Ternowitz T, Herlin T
Arch Dermatol Res. 1986;278(6):454-9. doi: 10.1007/BF00455163.
Using highly purified cell suspensions, monocyte (MO) and polymorphonuclear leukocyte (PMN) chemotaxis was measured by the 51Cr-labeled cells technique in 30 adult patients with atopic dermatitis (AD). MO chemotaxis was depressed in 60% of the patients; in one-third both MO and PMN chemotaxis was impaired. All patients with normal MO chemotaxis had normal PMN chemotaxis. The defective chemotaxis was related to the presence of cutaneous infection and to the activity of the disease. Cutaneous infection was observed in 70% of the patients with low MO and PMN chemotaxis. We found no relation between the chemotaxis defects and serum IgE levels. Presence of asthma in addition to AD did not influence the results. Preincubation of normal leukocytes with AD plasma did not alter the chemotactic responses. Plasma from atopics had a lower capacity for inducing migration than normal plasma using leukocytes from healthy subjects as test cells.

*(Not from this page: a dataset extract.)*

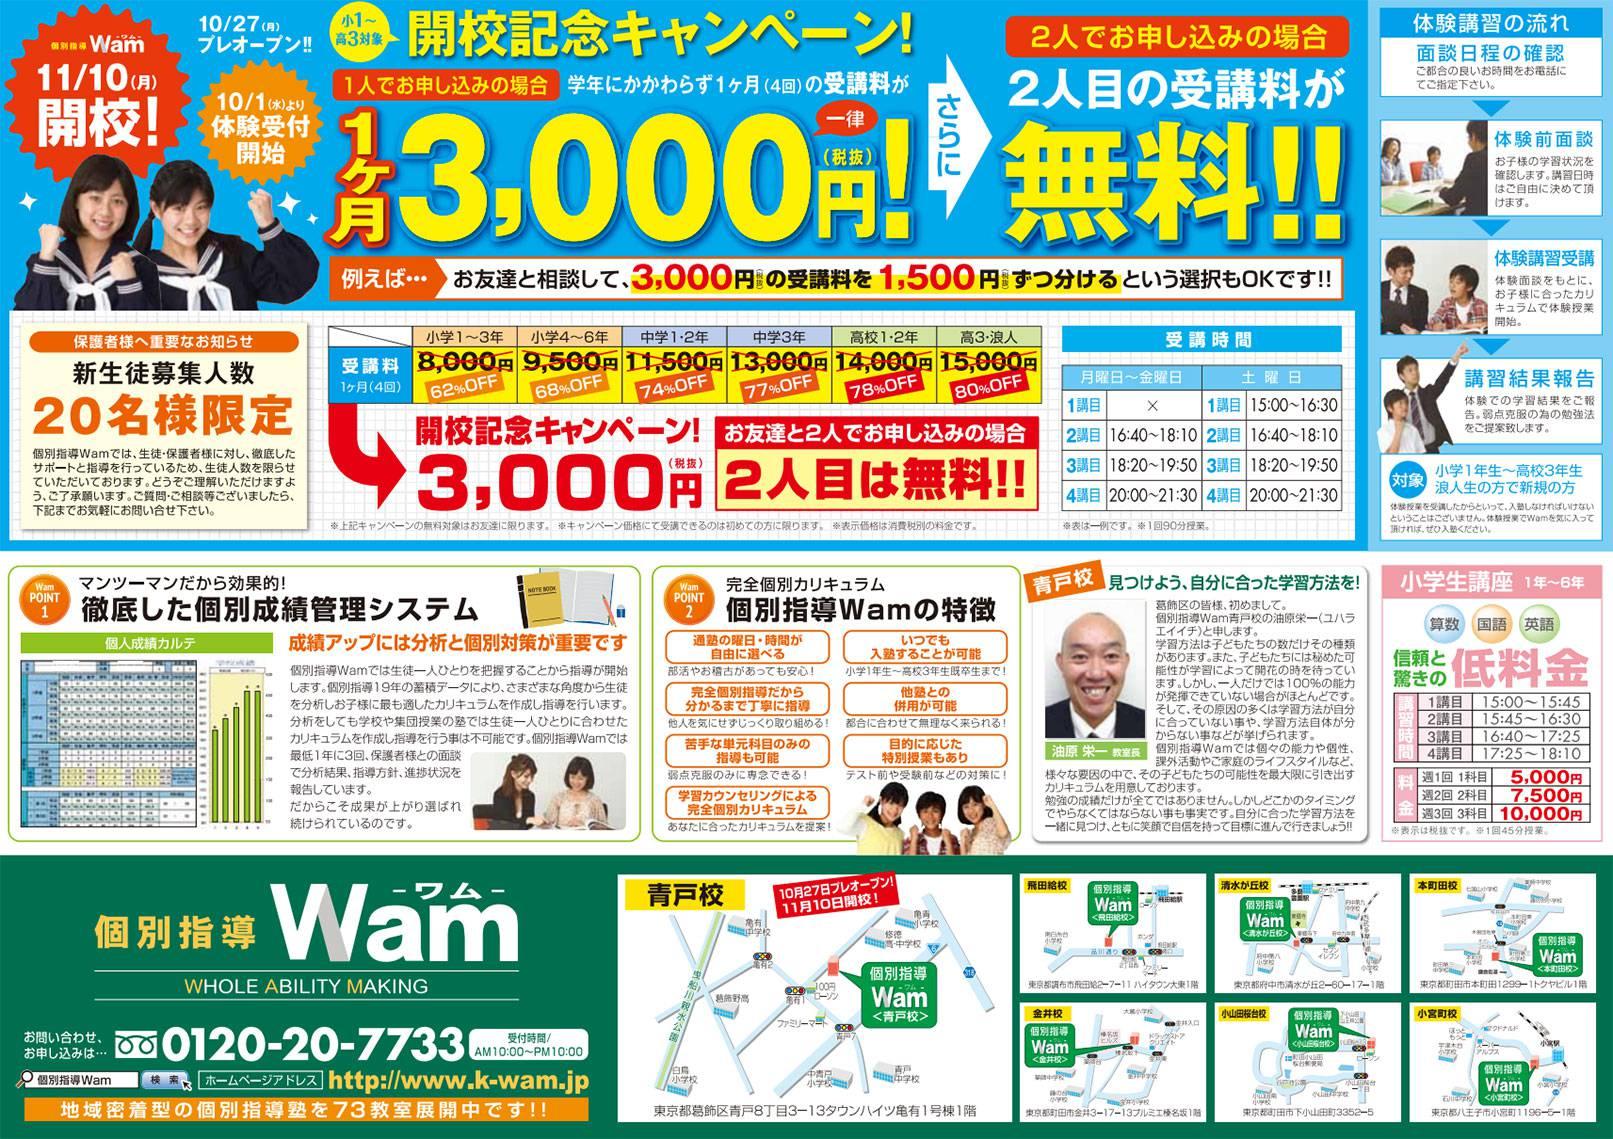 青戸校 2014年10月27日(月)プレオープンチラシ画像・ウラ面

采用高度纯化的细胞悬液,运用51Cr标记细胞技术,对30例成年特应性皮炎(AD)患者的单核细胞(MO)和多形核白细胞(PMN)趋化性进行了检测。60%的患者MO趋化性降低;三分之一的患者MO和PMN趋化性均受损。所有MO趋化性正常的患者PMN趋化性也正常。趋化性缺陷与皮肤感染的存在以及疾病的活动度有关。在MO和PMN趋化性低的患者中,70%观察到皮肤感染。我们发现趋化性缺陷与血清IgE水平之间无关联。除AD外还患有哮喘并不影响结果。用AD血浆预孵育正常白细胞不会改变趋化反应。以健康受试者的白细胞作为测试细胞时,特应性个体的血浆诱导迁移的能力低于正常血浆。